In the news this week: Payers continue to move toward health insurance exchanges with limited enthusiasm. Results of a study examining the effectiveness of health insurance on Medicaid recipients are inconclusive. And IPAB is going nowhere, at least for now.

Rarely does a week pass by without news about the federally mandated health insurance exchanges. As the October deadline for open enrollment inches closer, lately that news has been coming with a hefty side of doubt from insurers.

There are still some provisions of the Patient Protection and Affordable Care Act that insurers are still fighting such as age rating, but last week's big reveal from the nation's largest health plans likely got the attention of the feds because it could have implications on the price exchange participants will pay.
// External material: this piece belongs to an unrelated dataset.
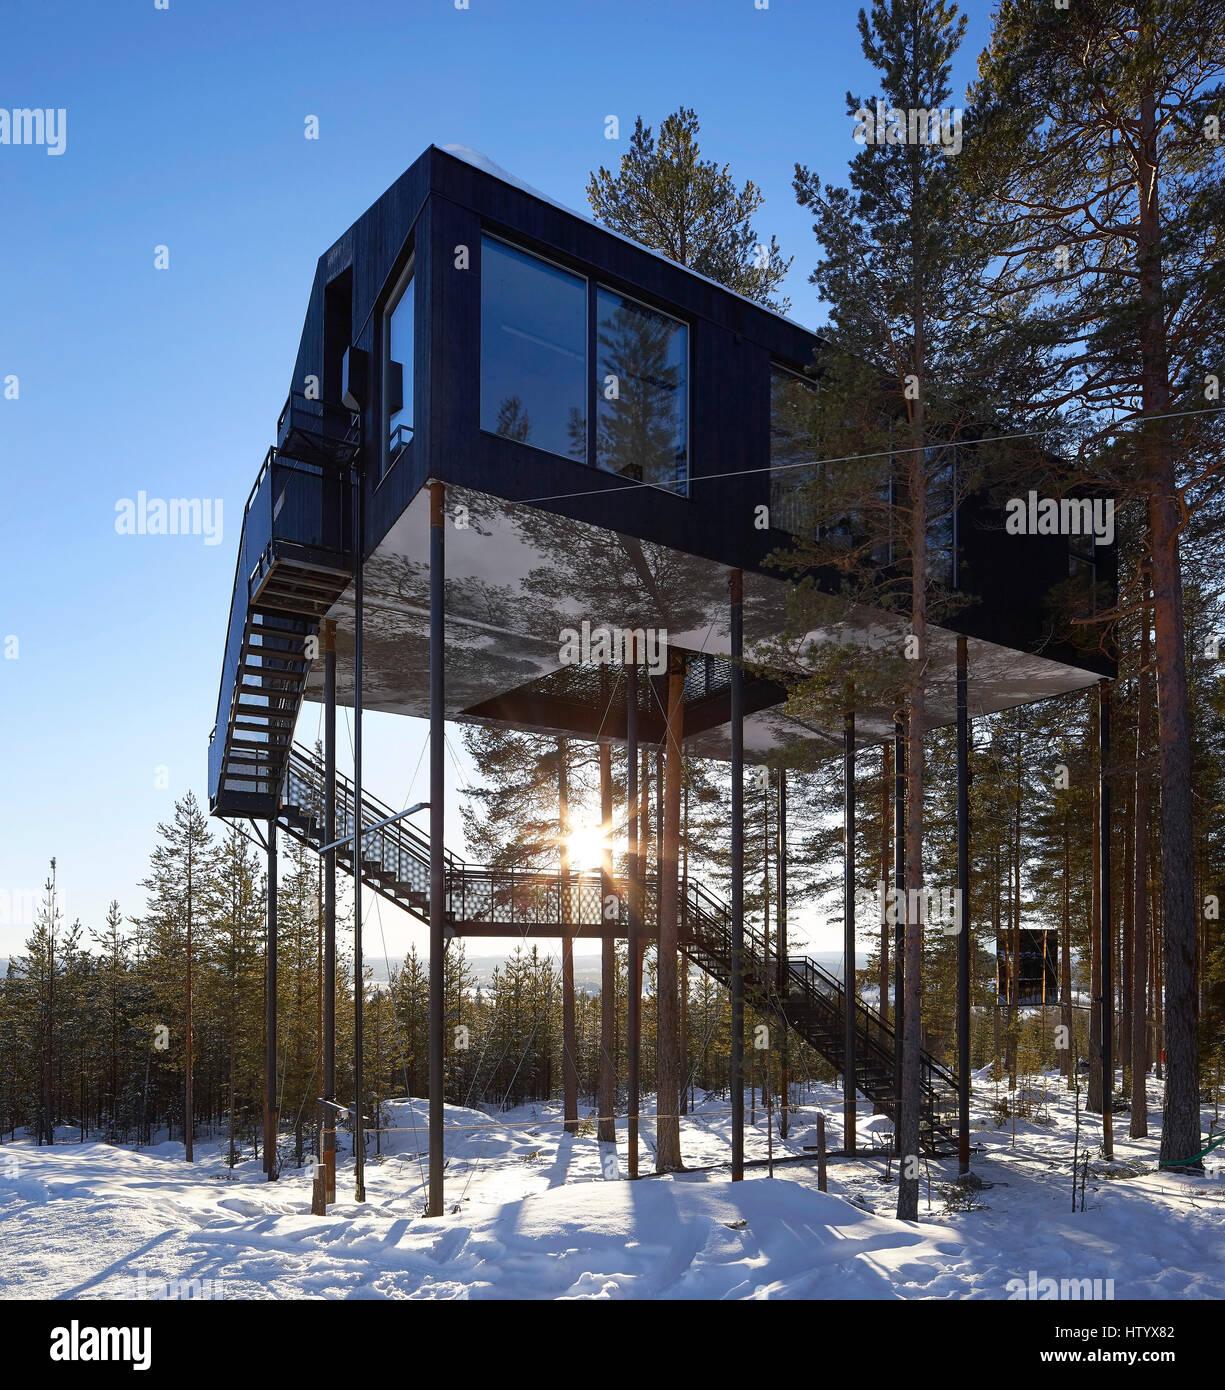 Das 7 Zimmer das 7 zimmer treehotel harads schweden architekt verschiedene

Insurers Walk, Don't Run Toward HIX
States, the feds, and insurers have been waiting to find out just how many insurers planned on offering products on the health insurance exchanges. According to an analysis by Reuters, despite the millions of new customers (24 million by 2016, 7 million in the first year) who will be shopping for individual policies in October, health insurance companies are not venturing too far from their comfort zones.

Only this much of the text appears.